Se o banheiro é seu e, ali trancado, finalmente, caem suas máscaras e representações sociais. Muitos cantam no espaço íntimo. Já ouvi relatos de dança. O adolescente trancado no seu ambiente sanitário encontra o refúgio para sua individualidade, seu medo e seu prazer. Muitos homens e mulheres adultos também...
Banheiro também é arte. Marcel Duchamp revolucionou o conceito de estética colocando um mictório sobre um pedestal. O urinol de 1917, batizado A Fonte, é uma peça icônica da dessacralização assinada pelo pseudônimo R. Mutt. A obra é uma chave do Dadaísmo e está avaliada em mais de três milhões de euros. Já sofreu mais de um ataque, sinal claro da sua “aura” respeitável. No último atentado, com martelo, o agressor alegou estar usando o mesmo princípio de desconstrução que o autor fizera.
Se a arte é o sublime, uma maneira de desconstruí-la é apelar a um subproduto dos banheiros. Piero Manzoni enlatou, em 1961, suas próprias fezes em recipientes bem acondicionados. Cada lata vale uma fortuna hoje. Cumpre-se o traço de “épater le bourgeois” que marca tantas vanguardas. Escandalizar o burguês foi um grito de poetas como Rimbaud ou Baudelaire. Talvez a burguesia já não se choque tanto e uma nova geração de artistas faz outras intervenções no universo do banheiro e seus significados. No Museu Guggenheim (Nova York), o italiano Maurizio Cattelan colocou um vaso sanitário de ouro maciço: América. A peça podia ser utilizada (com algumas regras) pelo público. Se antes a burguesia se retirava horrorizada com o vanguardismo de artista, hoje há fila para selfies. Sentar-se sobre sólidos quilates não choca mais, apenas aumenta likes em redes sociais. Ao ser exposta no Palácio Blenheim, em Oxfordshire (Inglaterra), a obra foi roubada. Banheiro metáfora, banheiro chocante e banheiro com valor de revenda... Quando Winston Churchill nasceu naquele palácio, a 30 de novembro de 1874, havia poucos banheiros na propriedade. Volto ao ponto: sanitários são documentos de uma época.

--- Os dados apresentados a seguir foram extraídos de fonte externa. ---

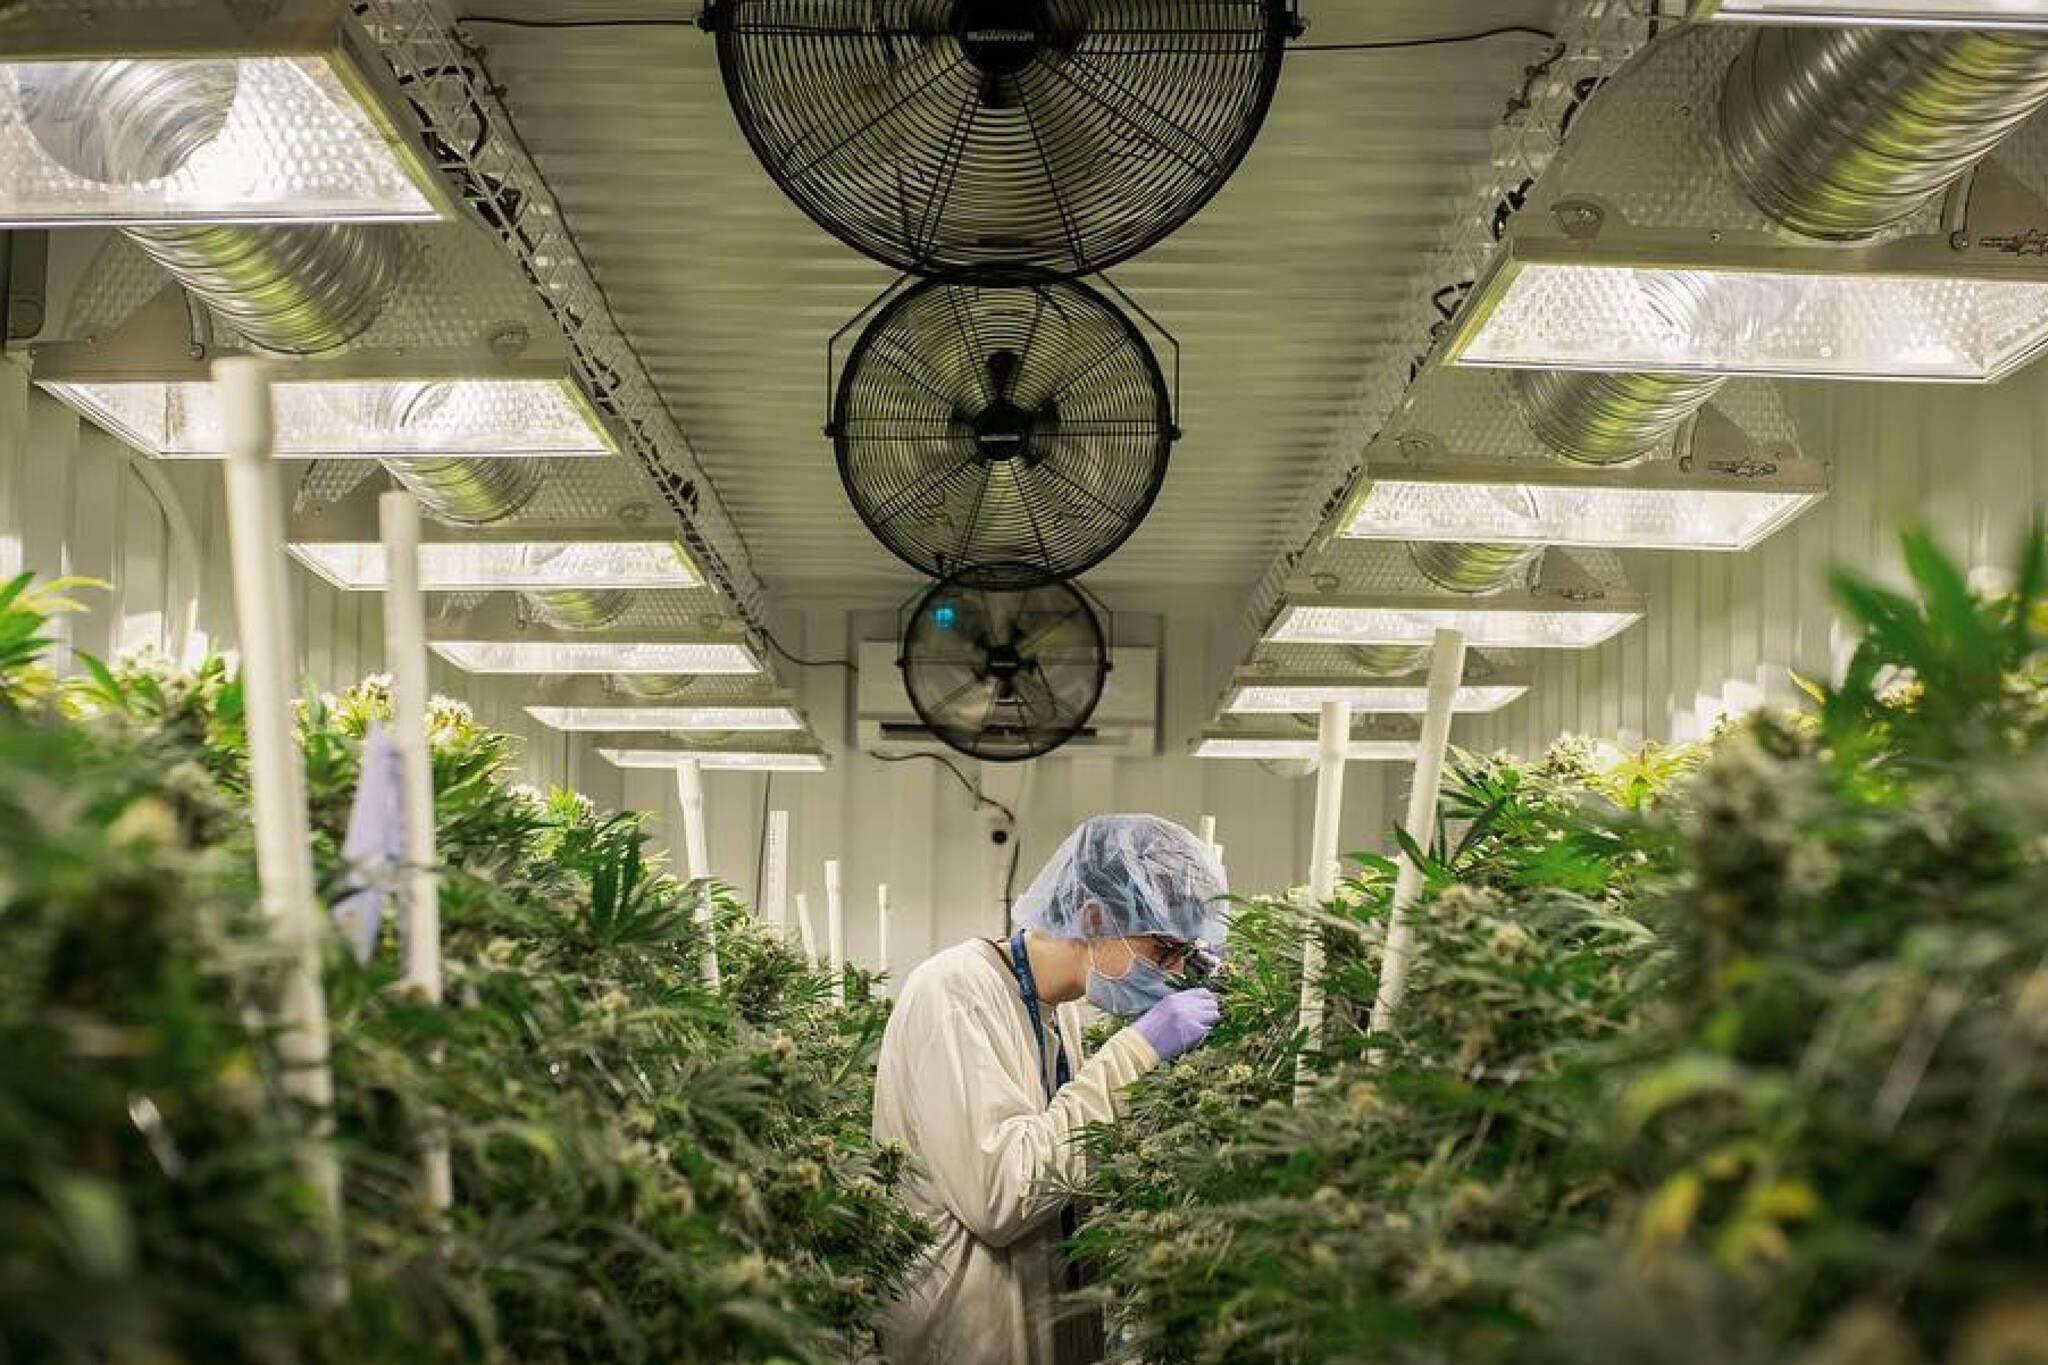 ontario cannabis store toronto

Os banheiros individuais são espaço de uma sonhada liberdade. Os que comportam mais gente produzem relações ambíguas e corporativas. Homens falam de forma mais decidida e máscula no banheiro, talvez como reação ao ambiente de exposição do corpo. Desde o colégio, fantasiávamos o que as meninas faziam no banheiro. Acho que o jogo permanece.
Assim, passados séculos de transformações sociais e de identidades de gênero, preste um pouco mais de atenção nas gramáticas que antecedem ao simples uso do sanitário. A arte usou banheiros. O debate de gênero ilustra portas. O que é masculino e feminino e quais os limites da intimidade estão fora e dentro dos espaços sanitários. Gosta da ideia? Abomina? Acha que é o fim do mundo? Sem problema. O que eu peço a libertários e conservadores, esquerda e direita, anarquistas e monarquistas é o mesmo: lavem bem a mão depois de usar o banheiro. Contaminações não respeitam barreiras. É preciso ter esperança... e mãos limpas colaboram para a ética e para evitar doenças.